0

I'm using pySpark V2 on an EMR cluster on AWS and I'm trying to pass a dataframe column to a function and manipulate the individual items within the column

Let's say I have the following set up:

mylist = [x for x in range(0, 10)]
df=spark.createDataFrame(mylist,IntegerType())
df.show()

+-----+
|value|
+-----+
|    0|
|    1|
|    2|
|    3|
|    4|
|    5|
|    6|
|    7|
|    8|
|    9|
+-----+

I want to have a function that performs a test on say, the value contained on row 5 of the data column and depending on what it finds, assigns that value to a new variable and perhaps do some other manipulations of the new variable

e.g

myfunc(df.value)

def myfunc(df_col):
#
#   In psuedocode:
#   x = value in row 5 of the data
#   if x = whatever:
#       do something with x
#

Can anyone help me out. Just seem to have hit a mental roadblock with this

user2699504
  • 195
  • 1
  • 4
  • 18

1 Answers1

0

Thanks for the link given. it was helpful.
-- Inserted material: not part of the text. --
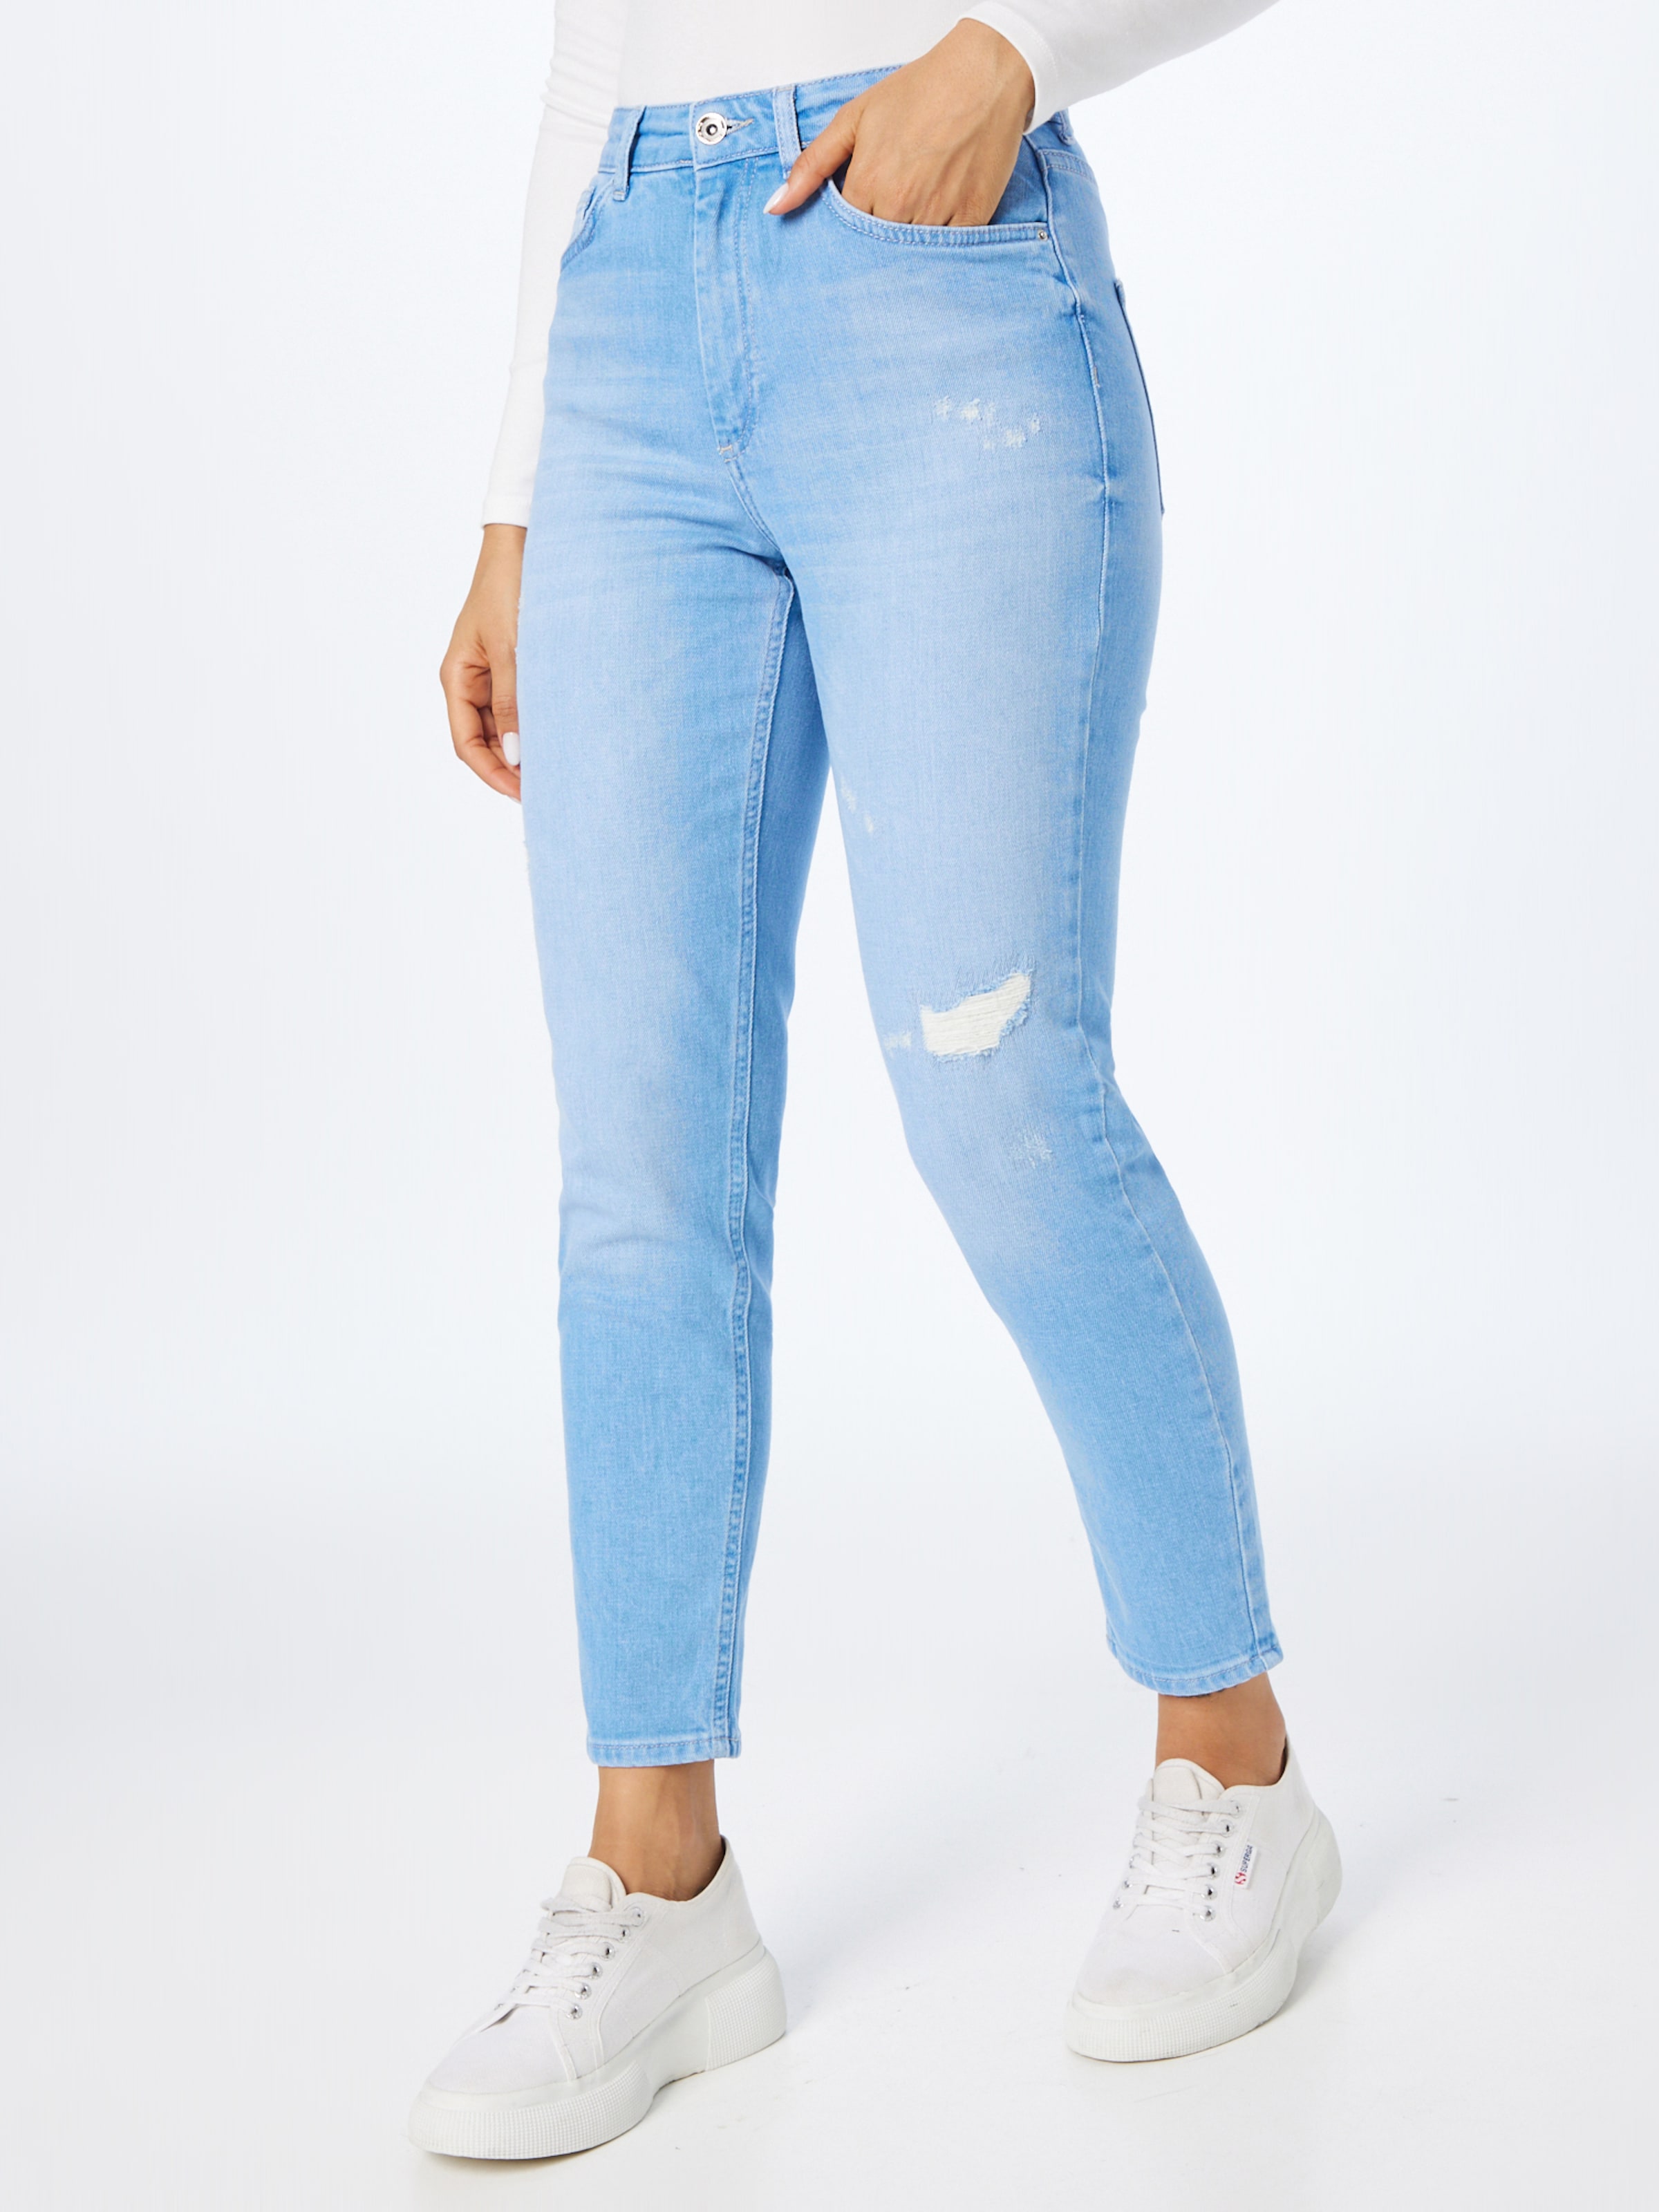 Womens Jeans RE/DONE Jeans Save 18% RE/DONE Denim Ripped Straight-leg Jeans in Blue

Here is one possible answer

from pyspark.sql.types import *
mylist = [x for x in range(0, 10)]
df=spark.createDataFrame(mylist,IntegerType())
df.show()
rn=df.collect()[4]
x=rn.value
if(x == 4):
  print("fifth row value = ", str(x))
+-----+
|value|
+-----+
|    0|
|    1|
|    2|
|    3|
|    4|
|    5|
|    6|
|    7|
|    8|
|    9|
+-----+

fifth row value =  4
user2699504
  • 195
  • 1
  • 4
  • 18